I'm testing the tool.

That's why I do not know much about her ...

How can I delete the data to lift the service?

Hi @sblancocr,

if you really want to wipe all data in the entire cluster, you can stop all nodes and then delete all your data folders (by default these reside in the installation dir, you may have configured them to reside elsewhere using the path.data setting). Be careful, this will delete all data, essentially reverting to a new installation.

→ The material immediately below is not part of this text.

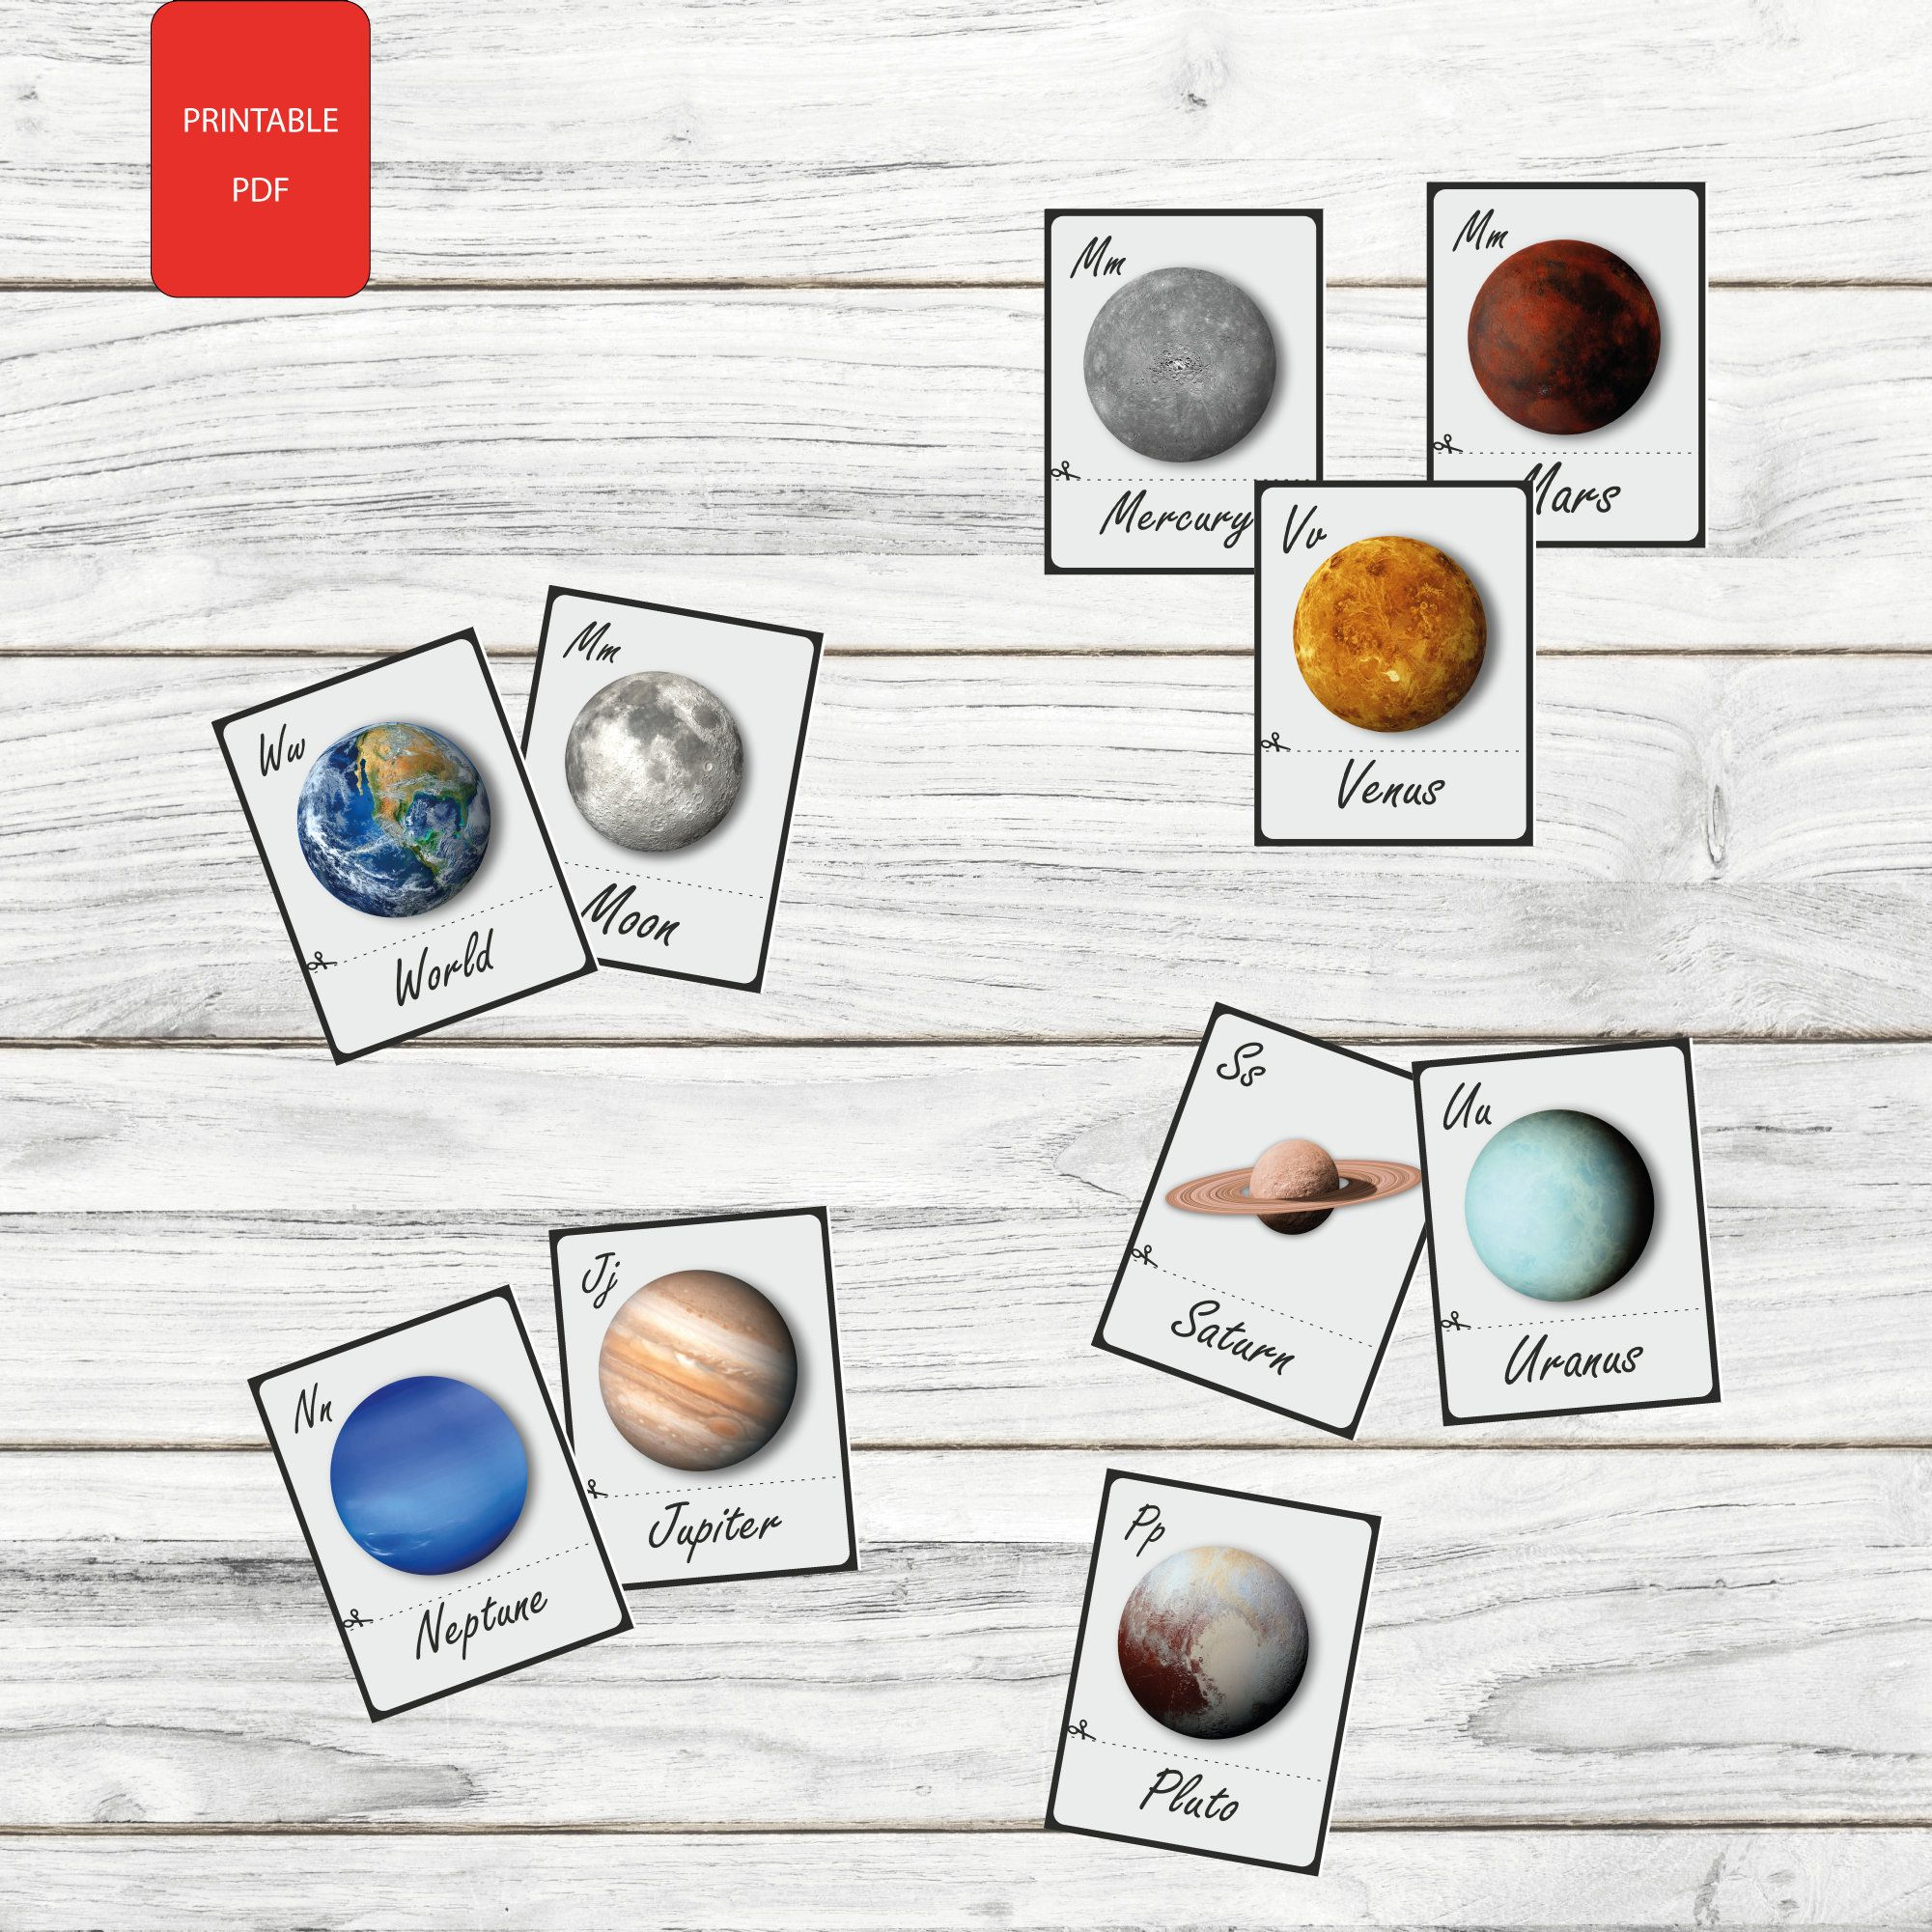 10 Printable Cuttable Solar System Planet Cards Flash Cards Naming Cards Pdf Printable Cards Preschool Toys By Art In 2021 Flashcards Solar System Planets Solar System [ 2001 x 2001 Pixel ]

Alternatively, simply setting node.data=true on all nodes should recover the missing data. Provided all your indices have at least one replica, you should then be able to repurpose one node at a time, waiting for green cluster health after every node has been repurposed (thereby giving Elasticsearch time to reestablish having two copies of every shard).

Thank you
I'm going to set node.data = true
to try
and see how recovery can be done.

Hello
I did the deletion of all the data and I restarted all the nodes, nevertheless it continues presenting as a state in "red"
I made the following query to see the status of the cluster and I detail it below.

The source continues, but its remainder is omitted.